Sunday, August 8, 2010

Idea Garage Sale: Western Gothic

So Damon got a copy of The Castle of Wolfenbach for his birthday - guaranteed horrid by Isabella Thorpe, and she wasn't kidding around: apparently central Europe in the early 19th century was sufficiently lawless that the natural response of an honest person finding one woman with her throat slit and another missing was to conceal the corpse in a trunk and not alert any authorities. And reading it reminded me of a story I blocked out during some idle time at a temp job in the mid-90s.

At that time, I had been reading J. Sheridan LeFanu's Uncle Silas, which somebody or other described as the most frightening book in English literature or something like that. But I remember feeling that the heroine had access to resources she wasn't exploiting due to artificial limits in her world view. Most of Uncle Silas's power over her was due to isolation; most of her isolation was due, not to the absence of people, but to a mutual assumption that the people around her weren't really there. She also was helpless in ways that seemed to me unnecessary.

This is often my reaction when confronted with a vulnerable 19th century British heroine. We are so used to modern Gothics, in which our own sensibilities are reflected back in time via spunky heroines, that when we read the authentic originals the feminine upper middle-class ideal of the British 19th century - trapped in a straitjacket of social convention and without many essential life skills, like cooking and cleaning - we are apt to want to slap them more than to commiserate with their helplessness.

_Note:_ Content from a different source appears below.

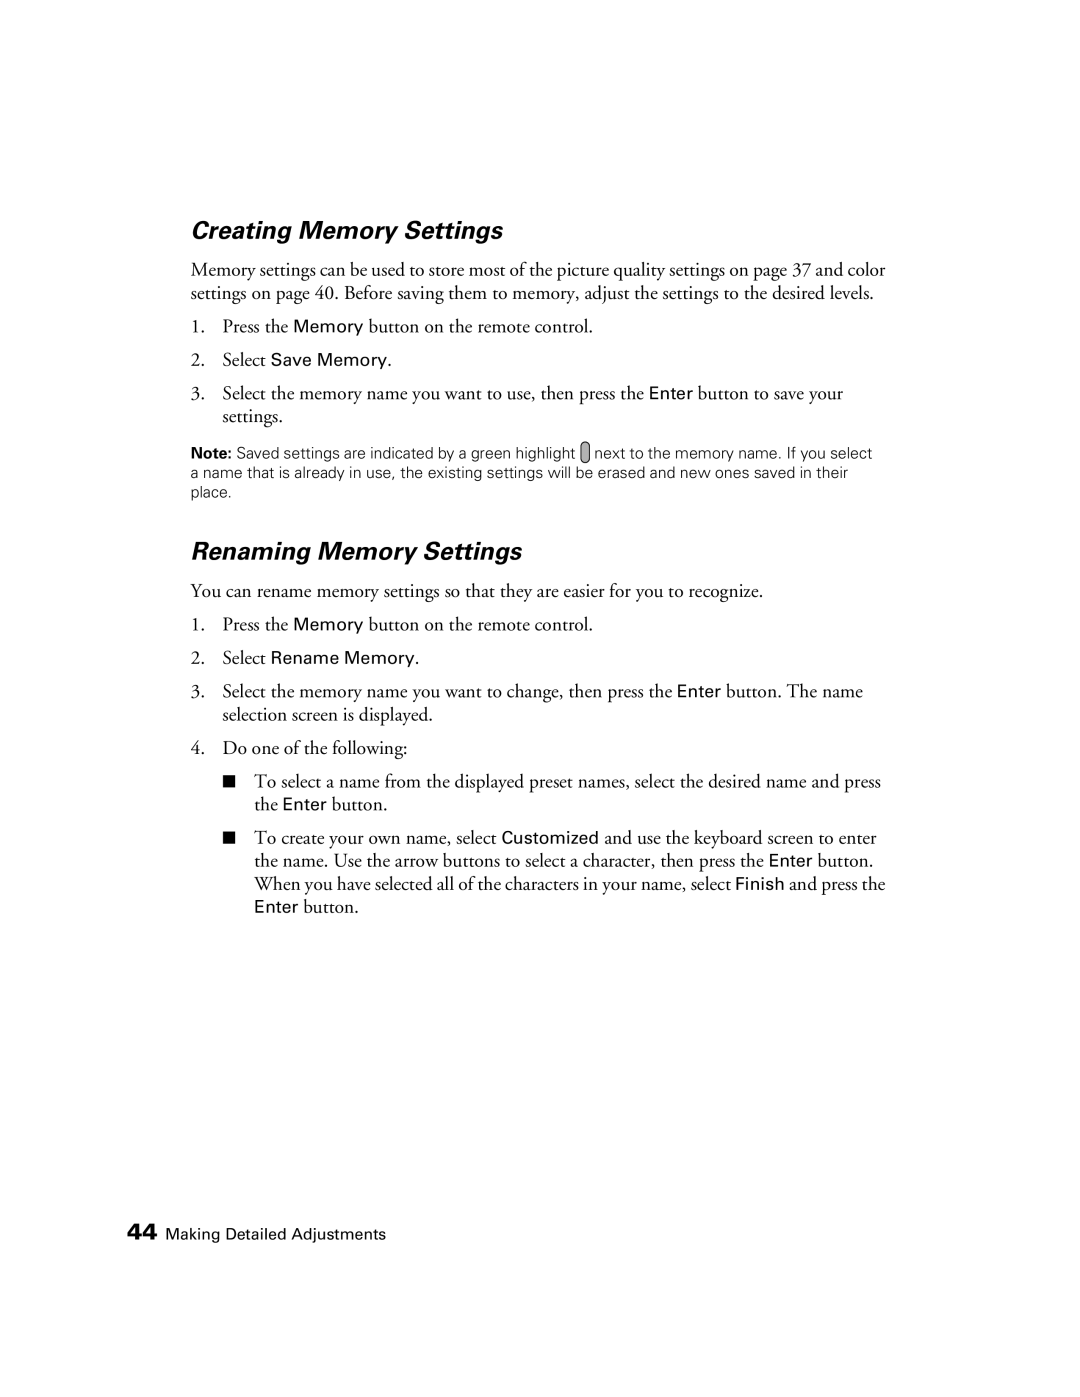 Epson 9350, 9700 manual Creating Memory Settings, Renaming Memory Settings 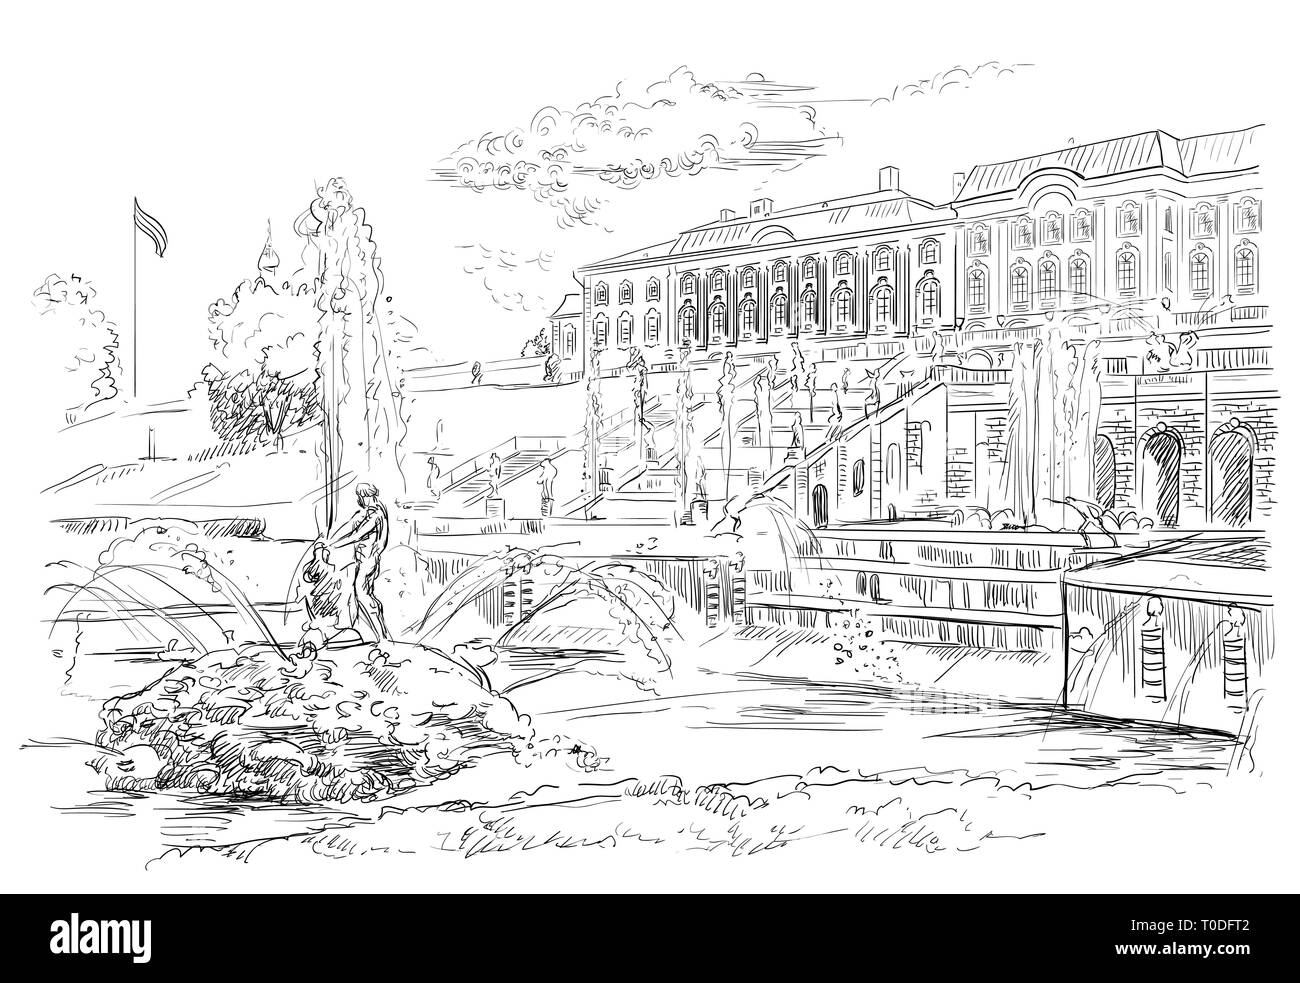 Vista panoramica della grande cascata, sculture e fontane a Peterhof Palace a San Pietroburgo, Russia. Vettore isolato del disegno a mano mi illustrazione Illustrazione Vettoriale

American heroines of the same vintage do not suffer from the same contrast. Though contemporary authors often complain of the deficiency in household education of the young American woman, their outlook on life is much more aggressive, and their social milieu is such that, when an author wants to isolate one, she can be removed right away from all human contact and thrown on her own resources in fact, rather than merely being taken to a "lonely" manor where the only faces she sees are those of servants and "rustics," on whom she depends for her daily necessities without ever attempting to befriend. (The heroine of Castle of Wolfenbach is at least grateful to a faithful servant, but she can't sleep in a cottager's bed and it never occurs to her that she should learn to cook.)

So I plotted out an extended Gothic parody in which an Uncle Silas-like figure lures the orphan daughter of an estranged son and heir back to England. The time is post Civil War, so she's feeling a financial obligation to get what she can out of her father's legacy for her mother and little brothers and sisters; and she stymies her villainous uncle at every turn by taking an interest in the wrong things. A debut in society is stressful and sinful (all that dancing and card-playing!), but she takes a lively interest in the sheep, horse breeding, and farming operations. The local tenants and managers, though disconcerted by her at first, are hardly likely to be indifferent to a potential heir who wants to learn from them rather then just extract money from them; though any of them who are mismanaging or corrupt will soon be put in an awkward position with her evil uncle. She has an understanding with a young man back home, so the romantic candidate her uncle puts forward doesn't stand a chance. When sinister servants try to intimidate her, she threatens to have them fired and does for herself. And the familiarity with basic mechanics and firearms she developed in the course of helping her mother run the ranch during the War is of signal assistance to her in circumventing the nefarious death and rape traps her uncle puts her into when he realizes he can't control her by the social means he intended. In the end she'll work out that he was lying to her about what the will says and find that the terms give her power over him (otherwise he'd hardly be so hot to manipulate and put her out of the way), and use it.

The heroine's name was Beulah, because it was the least romantic one I could think of.

The trouble with this story, of course, is that done properly it would be a lot of work, very long, and appeal to a narrow audience; a kind of extended fanfic for a genre rather than a specific work. Time and energy are finite.

The closest I ever came to writing this was The Light in the Tower at Mulder Manor, which I need to dig out and make available in its entirety for the delectation of the sort of people who like this sort of thing - a fanfic I did years ago for the AOL x-phile boards, the first paragraph of each chapter of the X-files triple-decker Gothic novel, which I justified to myself as an exercise in being funny on purpose and writing to an audience, but also allowed me to write lines like "He said her name as if sucking an orange" and glorious run-on polysyllabic sentences like "Certainly not from her previous employer, who was still wroth as a result of her thrusting his grown son into the fishpond -- despite the fact that she had at once extricated him from that predicament; and, indeed, it was the young man's own cephalopodian tendencies which had suggested the fishpond to Dana as the proper habitation of his person."

Now, of course, we have Pride and Prejudice and Zombies, and steampunk, and I have once again dallied behind the curve where I might have leapt ahead of it. Oh, well.